Norman Jonas was the son of Florence and Ernest Page and grew up with sister Sybil at ‘Cottenham Farm’ in the picturesque village of Great Tew. The huge farmhouse, situated in glorious countryside midway between the village and the B4031 Deddington Road, was one of several tenanted farms that made up the vast Great Tew Estate. Birmingham industrialist Matthew Robinson Bolton acquired the Estate in 1815 and planned the village’s expansion, but its history stretches back to at least the Domesday Book. He added Gothic doorways and other features to existing cottages to create a unique, picturesque look designed to be viewed from the main house. Always the joker, the family once had a wonderful photo of Norman as a young lad incarcerated along with a mate in the wooden stocks, located on the green opposite the renowned ‘Falkland Arms’ pub.
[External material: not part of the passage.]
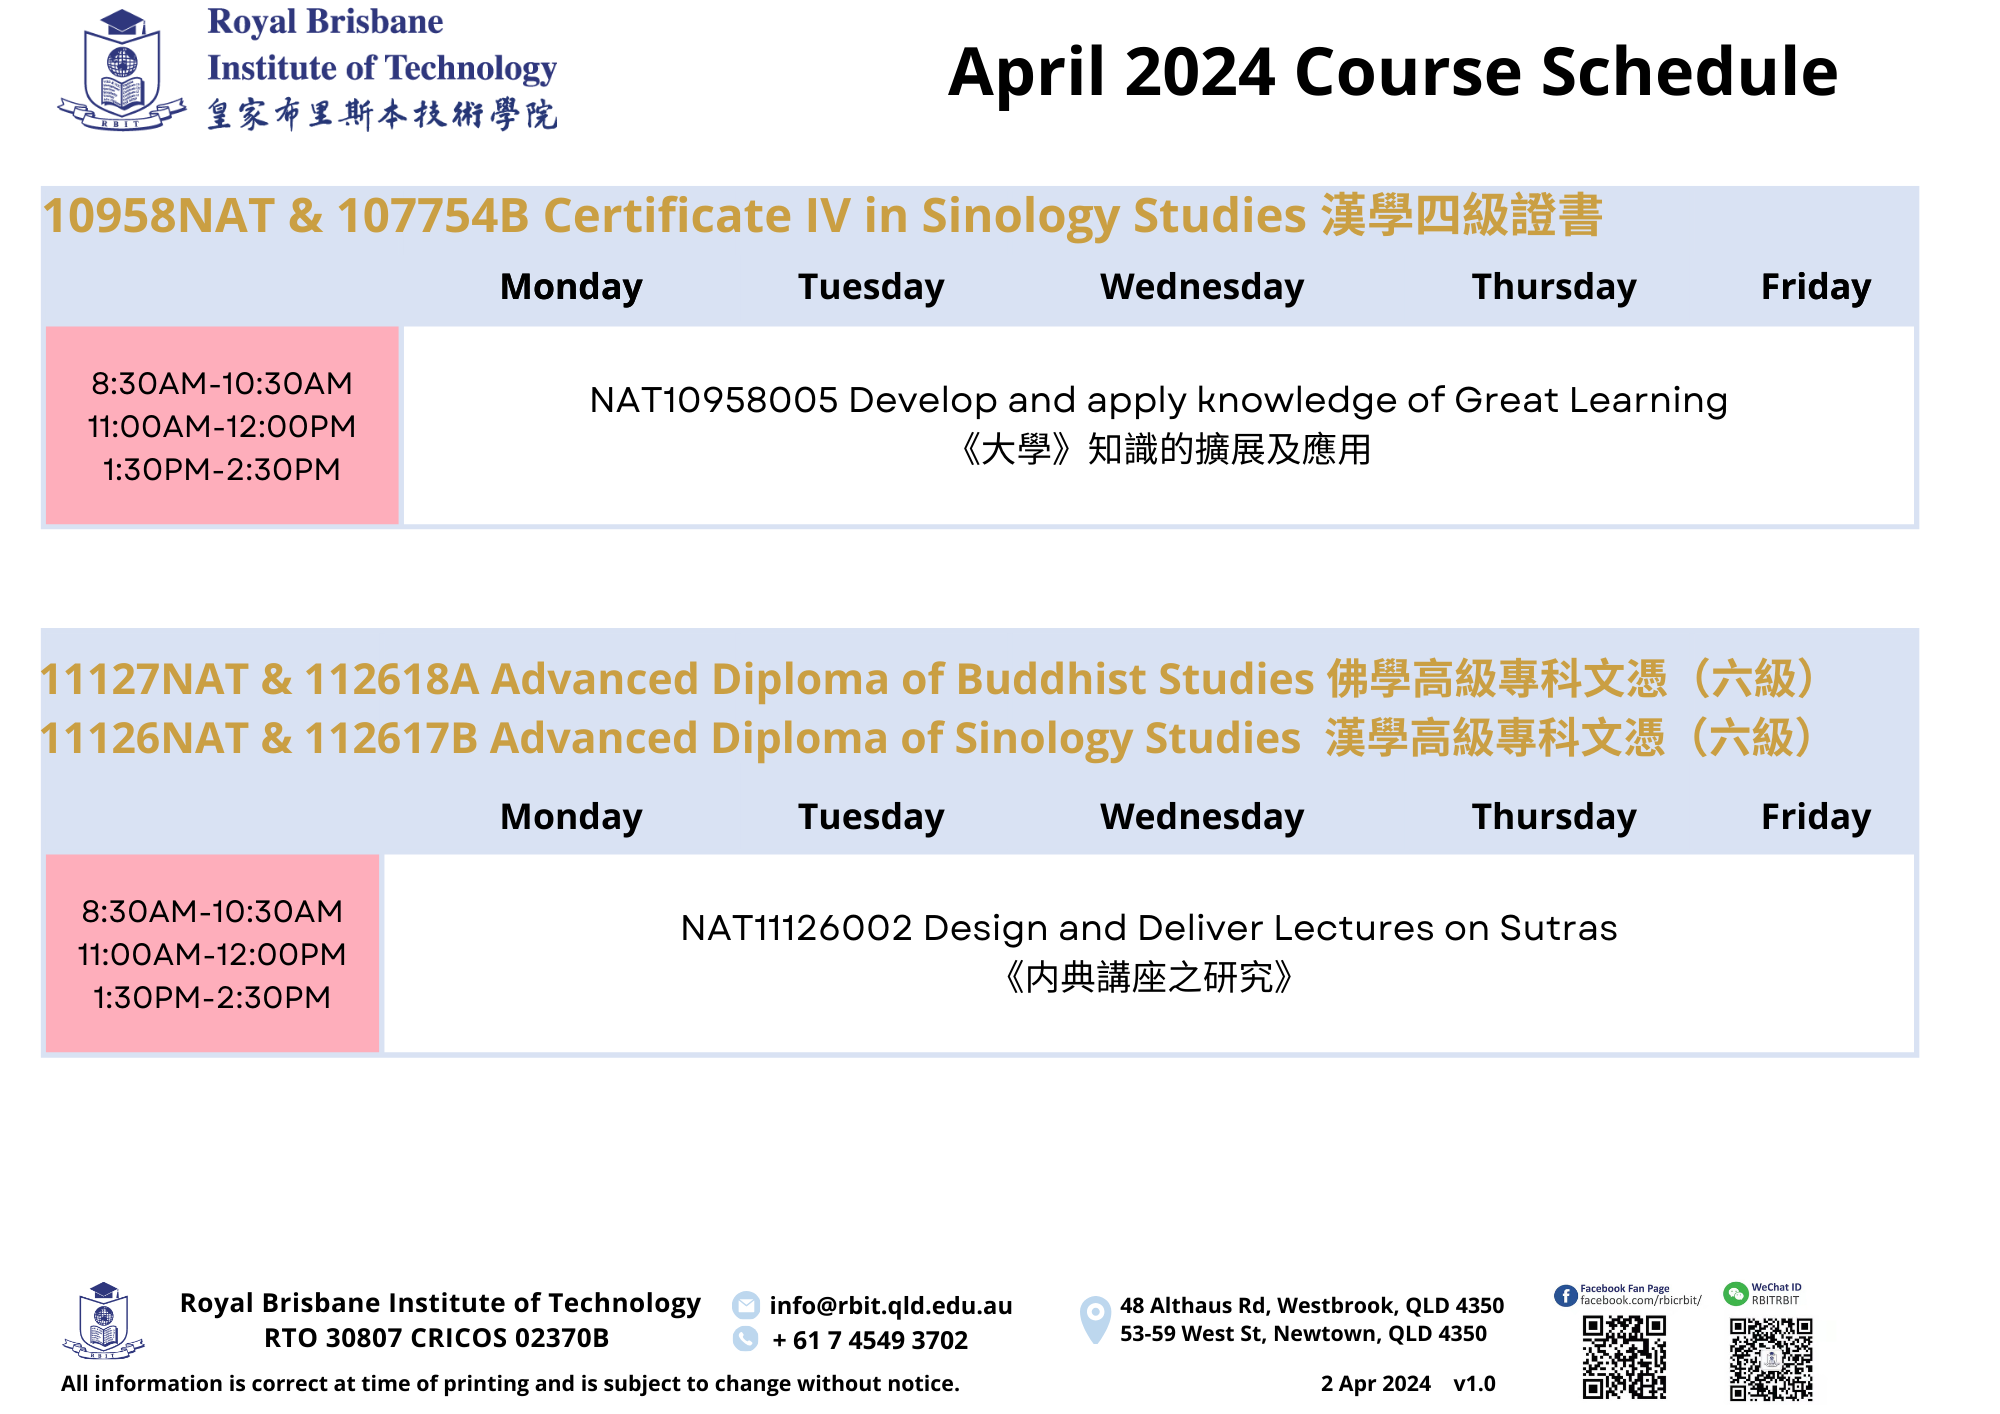 AL0_202404 Course Schedule_v1.0

In late 1937 Ernest, together with his son, made the bold decision to move from working a tenancy to purchasing their own farm outright, with the result being the acquisition of ‘Laurel Farm’ in Shotteswell for the sum of 4750 pounds. The 230 acres of land represented an ideal investment for a mixed farming enterprise, comprising good quality arable soils, grassed paddocks, as well as a substantial farmhouse and outbuildings.

Bill of Sale for Laurel Farm

Bill of Sale for Laurel Farm

Amidst WW2, the need to continue to farm the land became imperative and so Norman, with the aid of some allegedly attractive ‘land girls’, worked tirelessly to help feed the country. It’s a fair bet he would have preferred their company to the Italian POW’s who were also assigned labouring duties. As father Ernest’s health began to decline, Norman gradually took on greater responsibility and eventually outright ownership of the farm, always demonstrating great business acumen along the way. The jokey exterior always concealing a sharp financial mind. Nobody is quite sure how and when he was to become colloquially known as ‘Jim’, but the nickname firmly stuck throughout the remainder of his lifetime.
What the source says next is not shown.